*** Block opens ***
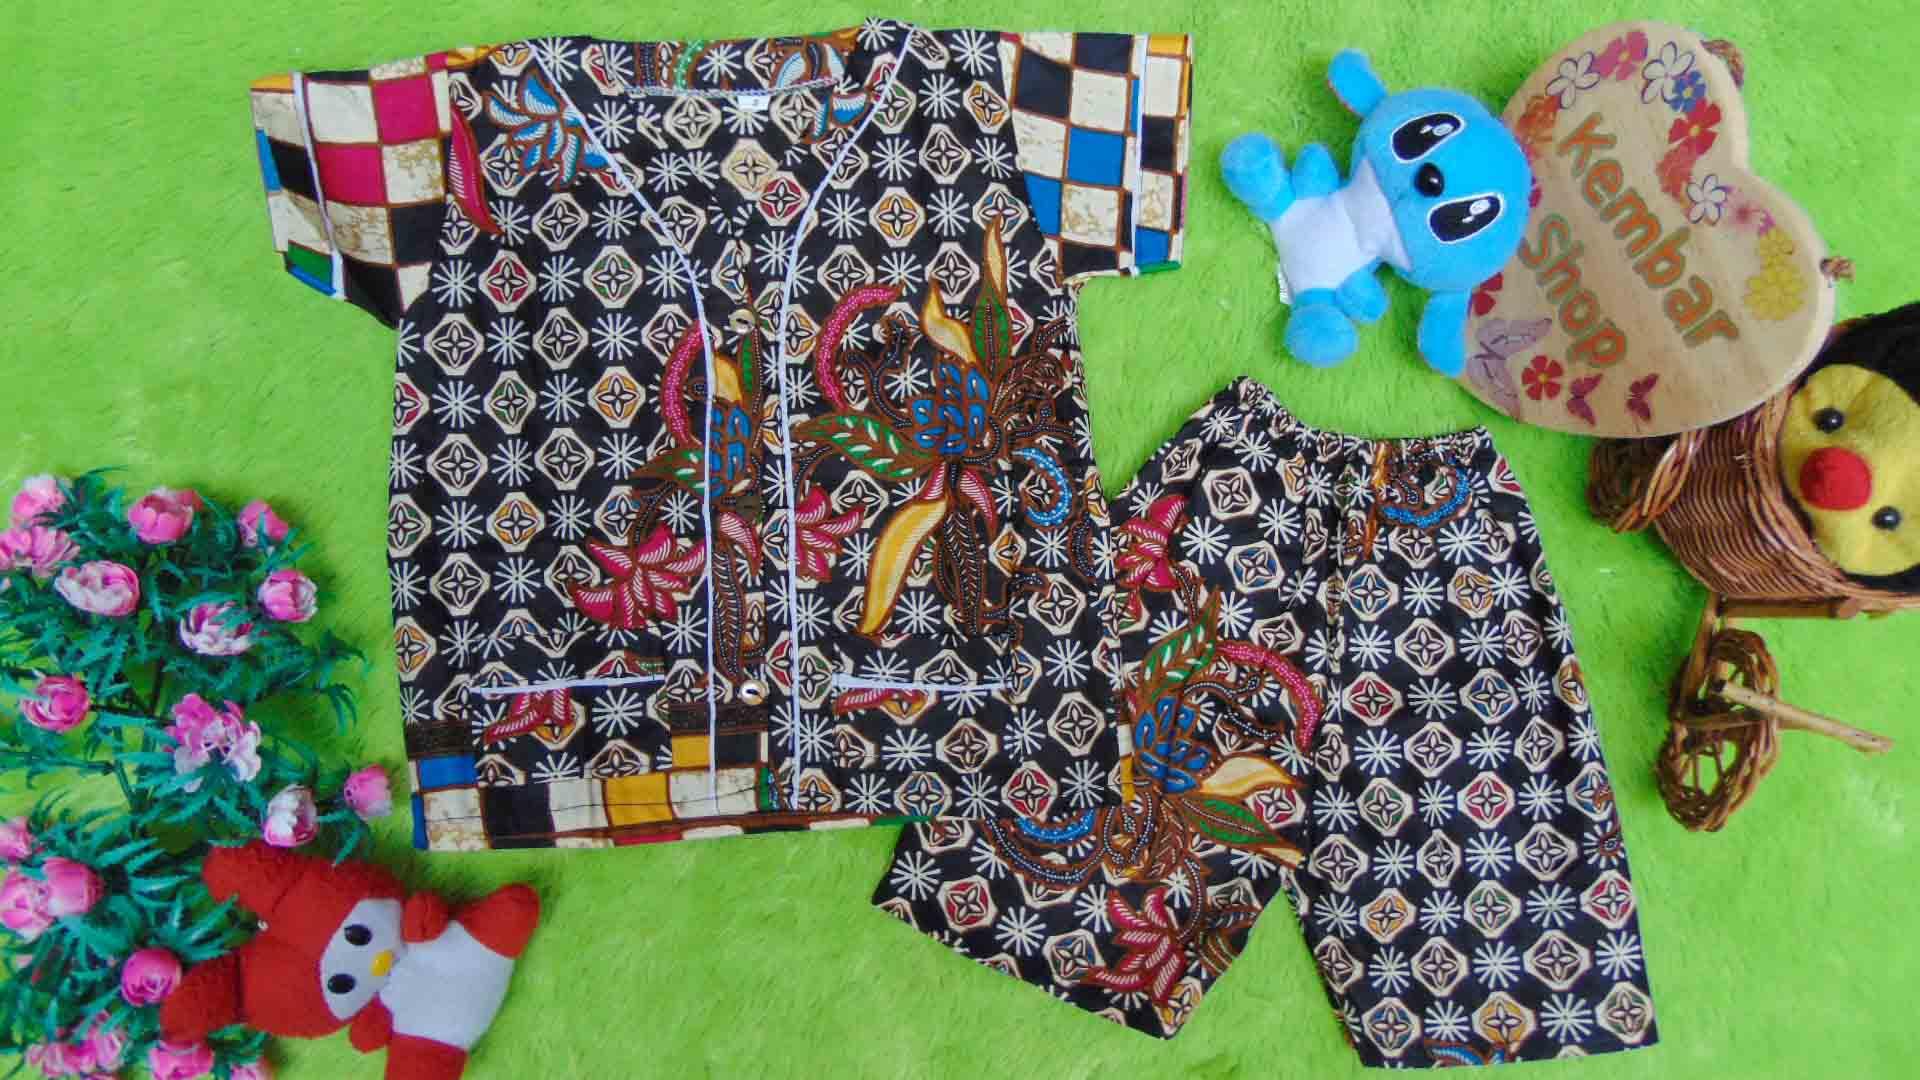 Setelan Baju Tidur Piyama Batik Bayi size S 0-12bln motif Ceplok Kembang RANDOM 2
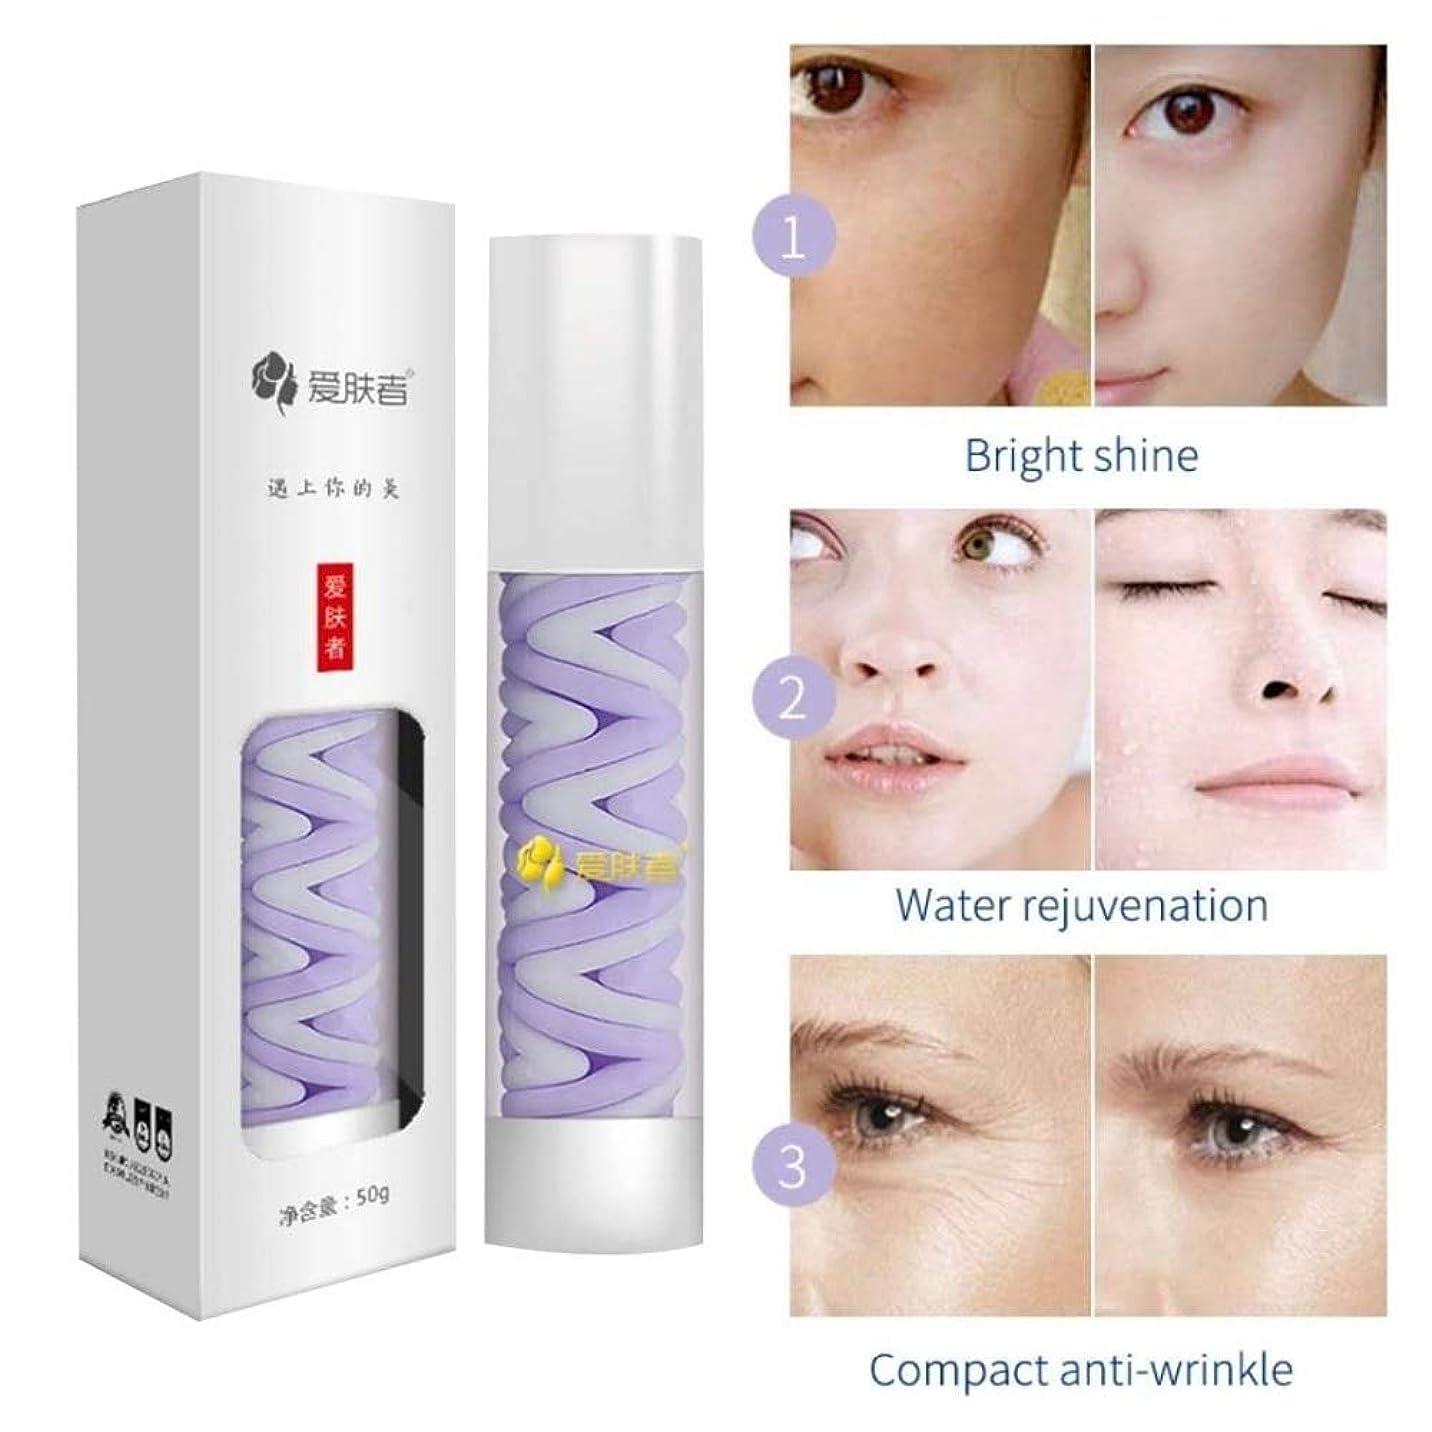 ブロッサム素朴なトロリーhialuronicoリフティングモイスチャライザー寧oをコラーゲンをエイジング保湿フェイスクリームhidratante顔のアンチリンクルケア
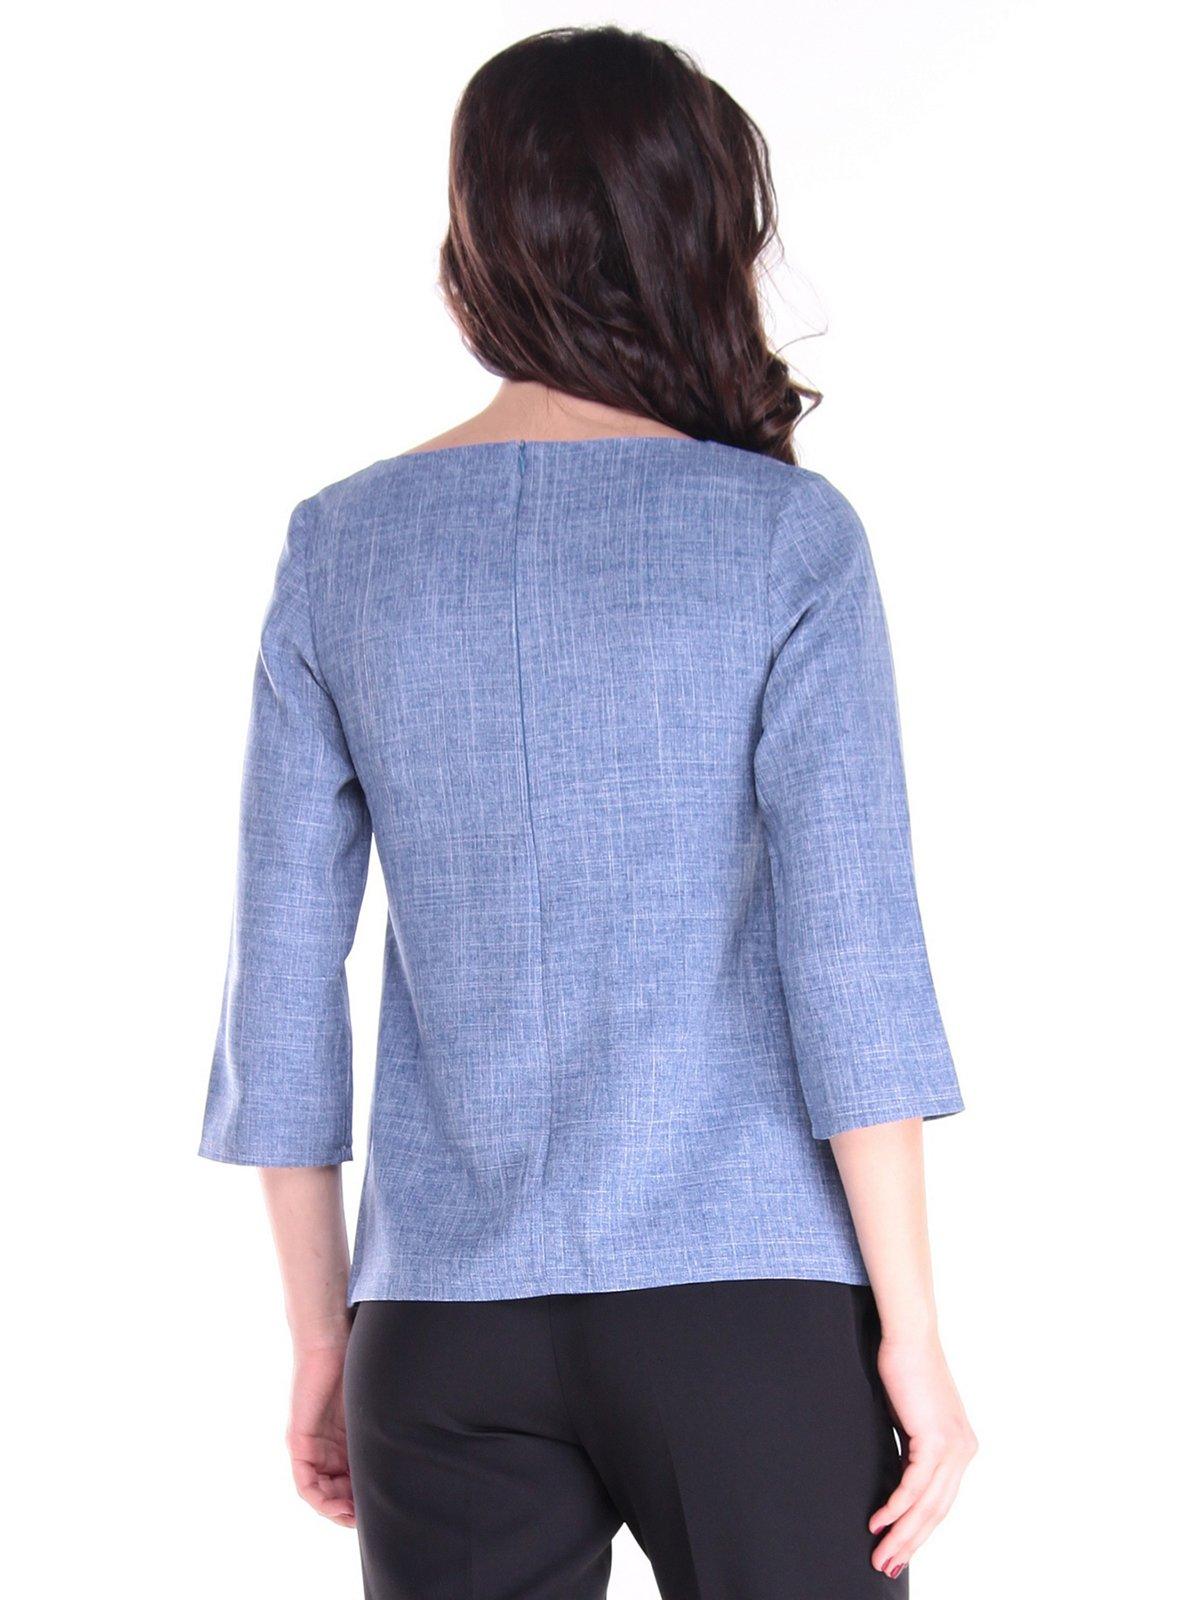 Блуза светло-сиреневая   2933267   фото 3
*** Block closes ***
> **TASK STATEMENT**: Every line of the listing must be reproduced exactly, though the pictures are to be left out.

> **EXERCISE SOLUTION**:
 Setelan Baju Tidur Piyama Batik Bayi size S 0-12bln motif Ceplok Kembang RANDOM 2
 ブロッサム素朴なトロリーhialuronicoリフティングモイスチャライザー寧oをコラーゲンをエイジング保湿フェイスクリームhidratante顔のアンチリンクルケア
 Блуза светло-сиреневая   2933267   фото 3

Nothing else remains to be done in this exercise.